USING ARTIFICIAL INTELLIGENCE IN MENTAL HEALTH DIAGNOSIS
DOI:
https://doi.org/10.32689/maup.it.2023.1.8Keywords:
Depression, Psychometrics, Machine Learning, Software Engineering Patterns, Artificial Intelligence, Psychotherapy, Post-traumatic stress disorderAbstract
The purpose of this study is to review existing ways of diagnosing mental health disorders (specifically depression and post-traumatic stress disorder). We will dive deeper into the literature about the topic, including studies already conducted in this area and their results. To understand how up-to-date this question is, the research will also involve a series of interviews and surveys with psychotherapists, psychologists, and other mental health professionals with various years of experience to gain insights about their views on the potential applications of artificial intelligence in mental health diagnostics and learn more about the existing process of diagnosing different mental health issues. Modern conditions create new trends in the development of the analysis of the psychological state of people, and it is worth understanding the effectiveness of existing methods, the impressions of practicing specialists to what extent current conditions change approaches to the analysis of the psychological state of a person and the search for ideas on how artificial intelligence can simplify their work and improve results.
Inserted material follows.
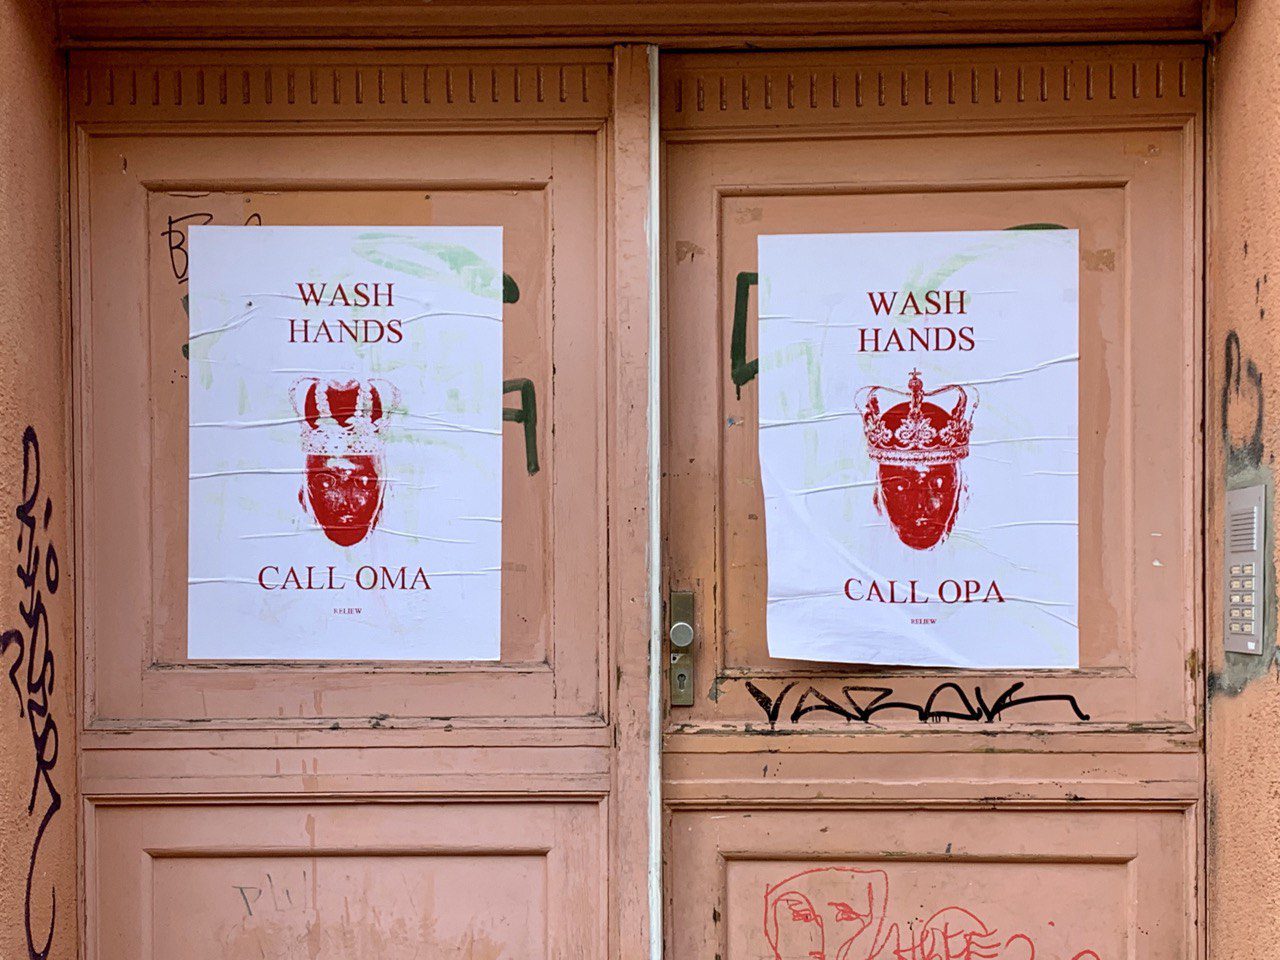 Zwei weiße Plakate auf einer rosa-orange farbigen Tür. Auf den Plakaten ist ein rotes Herz mit Krone zu sehen. Auf dem linken Plakat steht Wash Hands - Call Oma; auf dem rechten Plakat steht Wash Hands - Call Opa.
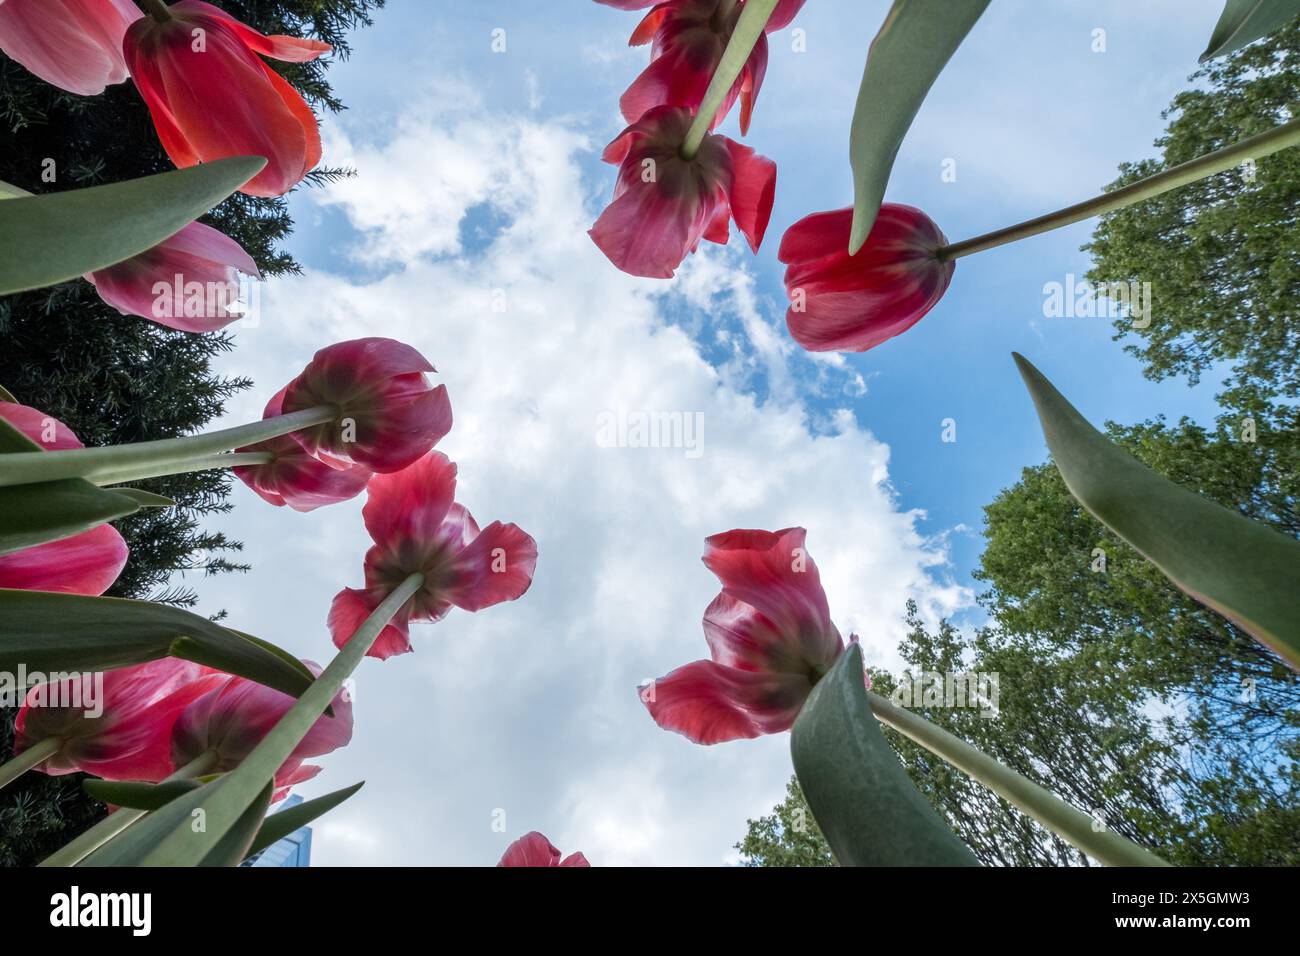 Un gruppo di tulipani rossi è in primo piano in un cielo blu. I fiori sono disposti in cerchio, con alcuni che si sovrappongono l'uno all'altro Foto Stock

The findings of this study will provide an overview of the topic and give the proof or disproof of the concept of using the artificial intelligence methods for the diagnostic process and speeding up the treatment process. Besides, the study could provide a set of criteria that can be used to evaluate the effectiveness of different methods of artificial intelligence for these purposes. This could include metrics related to the accuracy, efficiency, and ethical considerations. An additional outcome could be a better understanding of the potential benefits and drawbacks of using artificial intelligence in this context, which could inform future researchers and developers in this field. Ultimately, this study aims to contribute to the ongoing conversation about how technology can be used to improve mental health care and outcomes.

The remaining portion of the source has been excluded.